Of the controlled experiments, only three show an effect large enough
to have any practical significance. The Prechelt study comparing C,
C++, Java, Perl, Python, Rexx, and Tcl; the Endrikat study comparing
Java and Dart; and Cooley’s experiment with VHDL and Verilog.
Unfortunately, they all have issues that make it hard to draw a really
strong conclusion.
In the Prechelt study, the populations were different between dynamic
and typed languages, and the conditions for the tasks were also
different. There was a follow-up study that illustrated the issue by
inviting Lispers to come up with their own solutions to the problem,
which involved comparing folks like Darius Bacon to random undergrads.
A follow-up to the follow-up literally involves comparing code from
Peter Norvig to code from random college students.
In the Endrikat study, they specifically picked a task where they
thought static typing would make a difference, and they drew their
subjects from a population where everyone had taken classes using the
statically typed language. They don’t comment on whether or not
students had experience in the dynamically typed language, but it
seems safe to assume that most or all had less experience in the
dynamically typed language.
Cooley’s experiment was one of the few that drew people from a
non-student population, which is great. But, as with all of the other
experiments, the task was a trivial toy task.
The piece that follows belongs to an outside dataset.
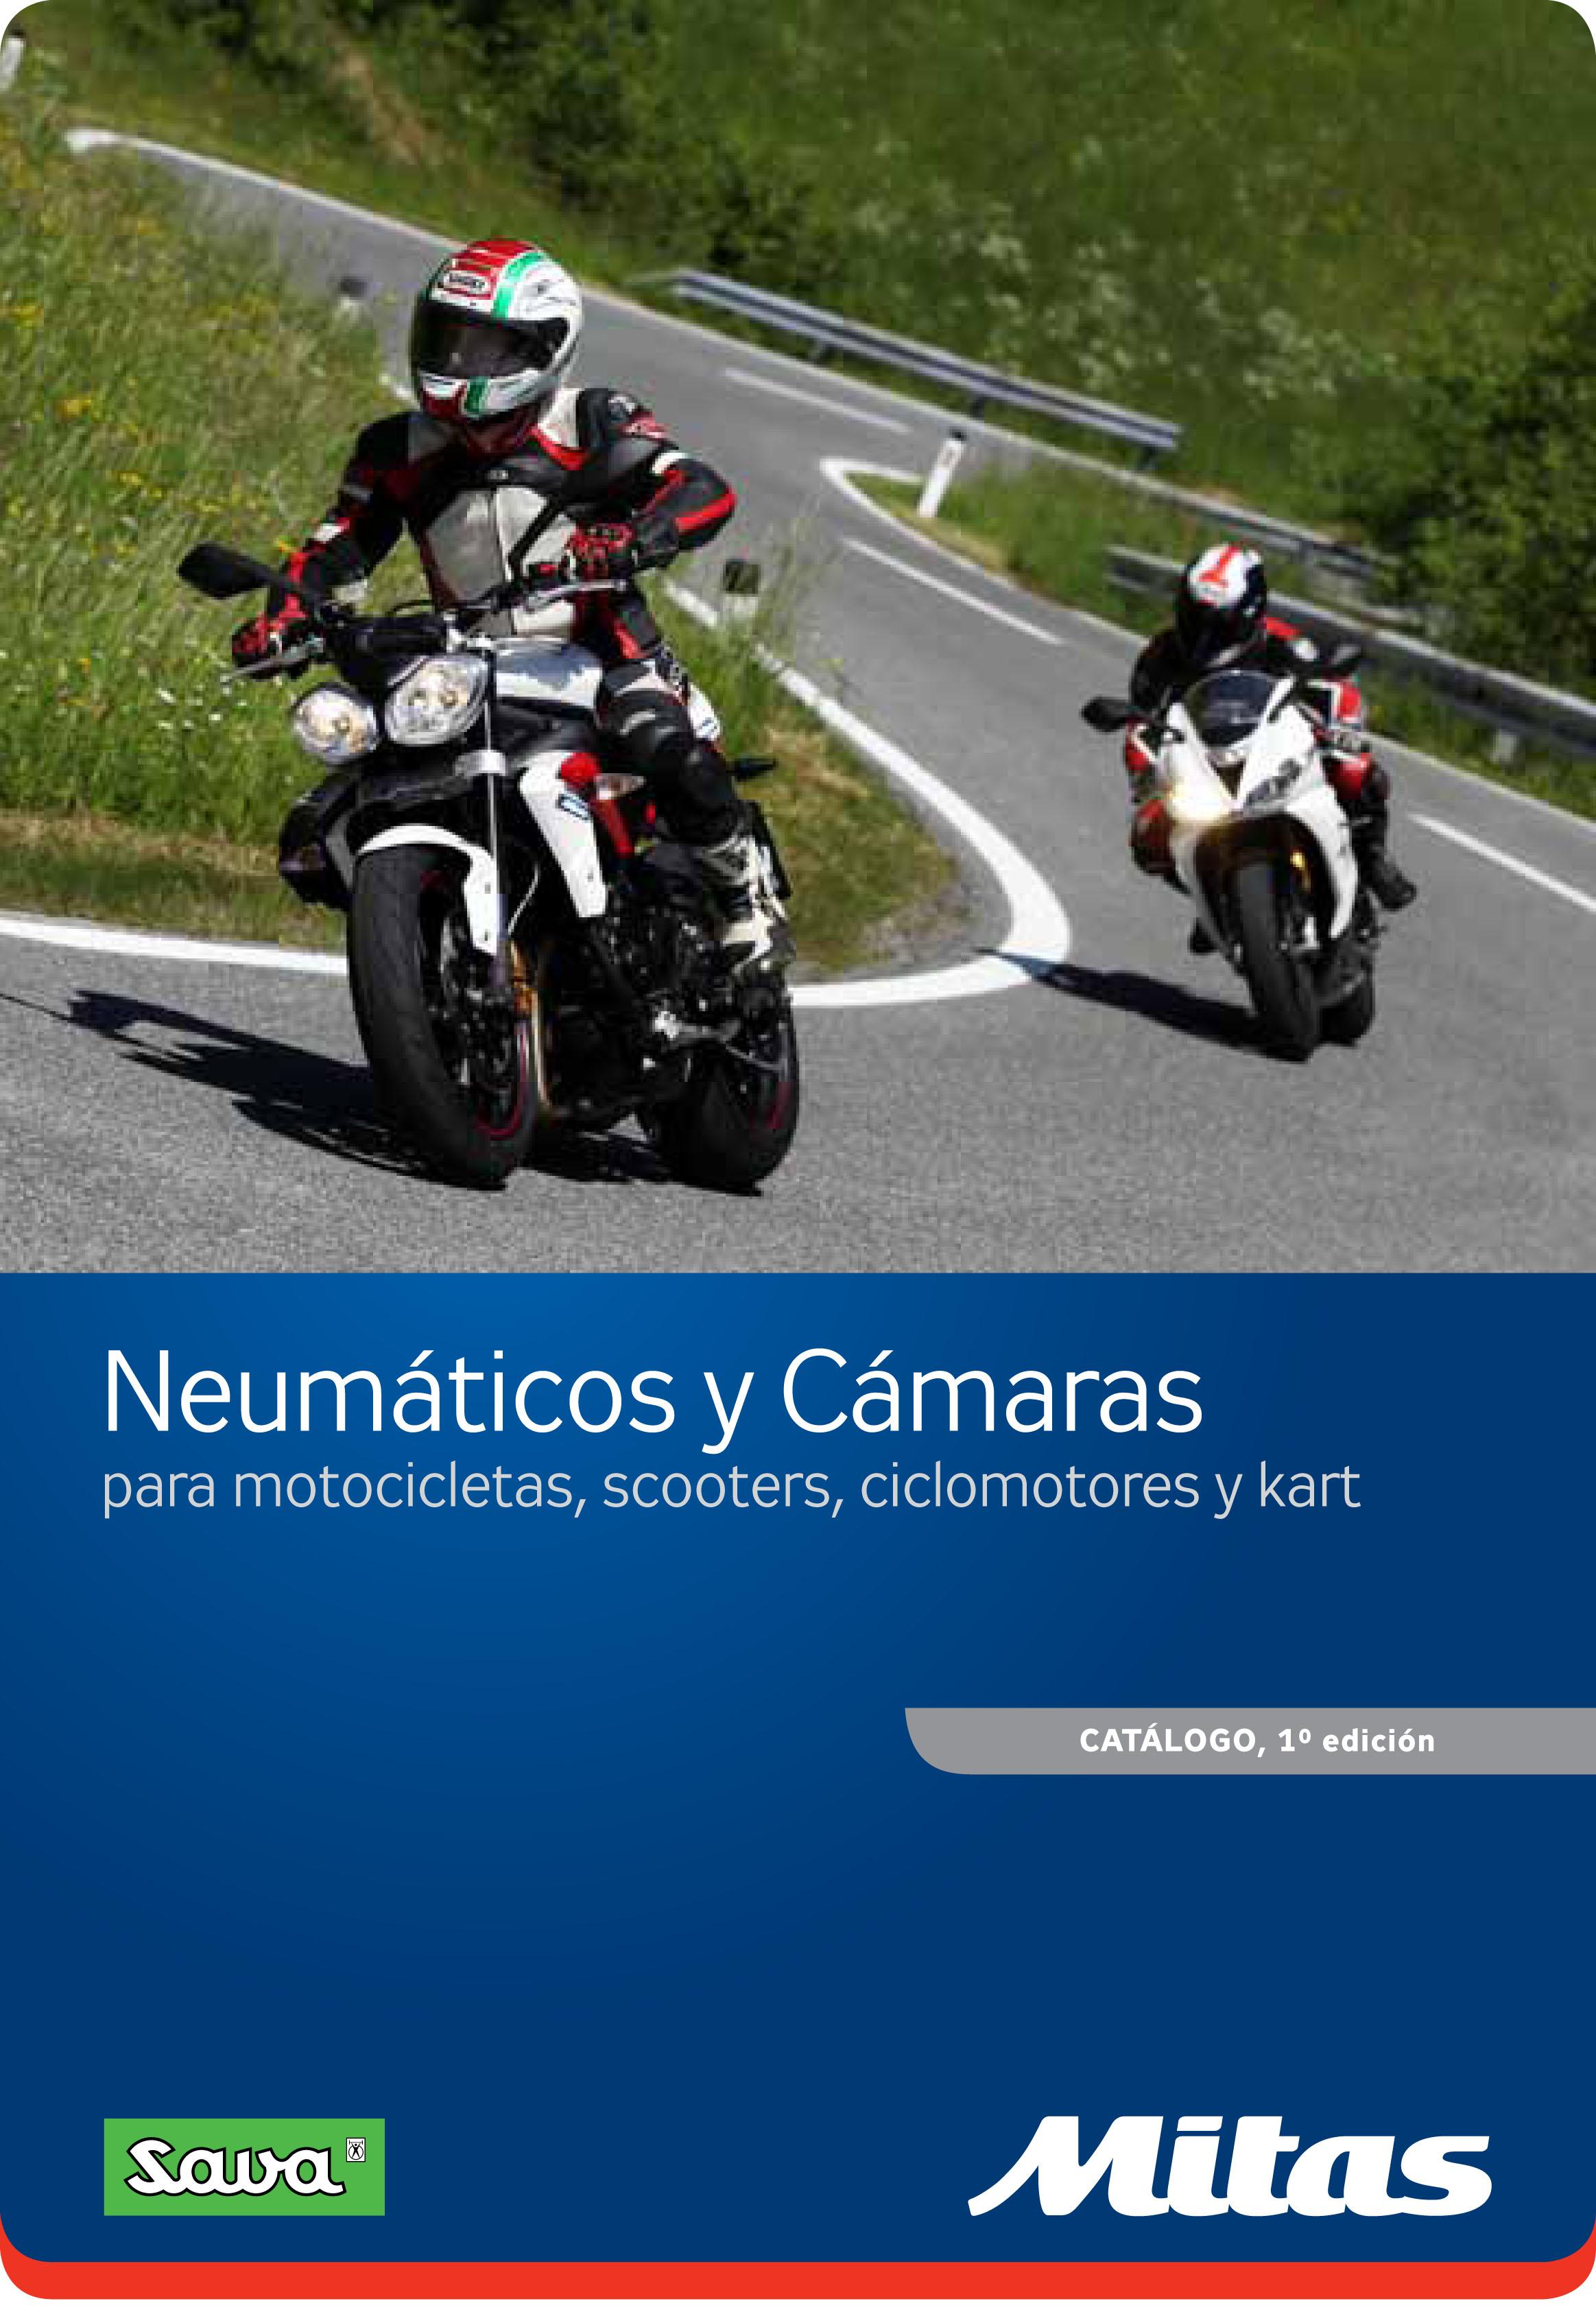 Catalogo informacion Mitas Neumoto Neumaticos Valencia

While it seems damning
that none of the VHDL (static language) participants were able to
complete the task on time, it is extremely unusual to want to finish a
hardware design in 1.5 hours anywhere outside of a school project. You
might argue that a large task can be broken down into many smaller
tasks, but a plausible counterargument is that there are fixed costs
using VHDL that can be amortized across many tasks.
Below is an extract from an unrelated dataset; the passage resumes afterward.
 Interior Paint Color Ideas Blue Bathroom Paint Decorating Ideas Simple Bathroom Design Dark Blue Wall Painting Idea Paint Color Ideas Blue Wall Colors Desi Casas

As for the rest of the experiments, the main takeaway I have from them
is that, under the specific set of circumstances described in the
studies, any effect, if it exists at all, is small.
Moving on to the case studies, the two bug finding case studies make
for interesting reading, but they don’t really make a case for or
against types. One shows that transcribing Python programs to Haskell
will find a non-zero number of bugs of unknown severity that might not
be found through unit testing that’s line-coverage oriented. The pair
of Erlang papers shows that you can find some bugs that would be
difficult to find through any sort of testing, some of which are
severe, using static analysis.
As a user, I find it convenient when my compiler gives me an error
before I run separate static analysis tools, but that’s minor, perhaps
even smaller than the effect size of the controlled studies listed
above.
I found the 0install case study (that compared various languages to
Python and eventually settled on Ocaml) to be one of the more
interesting things I ran across, but it’s the kind of subjective thing
that everyone will interpret differently, which you can see by
looking.
This fits with the impression I have (in my little corner of the
world, ACL2, Isabelle/HOL, and PVS are the most commonly used provers,
and it makes sense that people would prefer more automation when
solving problems in industry), but that’s also subjective.
And then there are the studies that mine data from existing projects.
Unfortunately, I couldn’t find anybody who did anything to determine
causation (e.g., find an appropriate instrumental variable), so they
just measure correlations. Some of the correlations are unexpected,
but there isn’t enough information to determine why.
The only data mining study that presents data that’s potentially
interesting without further exploration is Smallshire’s review of
Python bugs, but there isn’t enough information on the methodology to
figure out what his study really means, and it’s not clear why he
hinted at looking at data for other languages without presenting the
data3.
Some notable omissions from the studies are comprehensive studies
using experienced programmers, let alone studies that have large
populations of “good” or “bad” programmers, looking at anything
approaching a significant project (in places I’ve worked, a three
month project would be considered small, but that’s multiple orders of
magnitude larger than any project used in a controlled study), using
“modern” statically typed languages, using gradual/optional typing,
using modern mainstream IDEs (like VS and Eclipse), using modern
radical IDEs (like LightTable), using old school editors (like Emacs
and vim), doing maintenance on a non-trivial codebase, doing
maintenance with anything resembling a realistic environment, doing
maintenance on a codebase you’re already familiar with, etc.
If you look at the internet commentary on these studies, most of them
are passed around to justify one viewpoint or another. The Prechelt
study on dynamic vs. static, along with the follow-ups on Lisp are
perennial favorites of dynamic language advocates, and github mining
study has recently become trendy among functional programmers.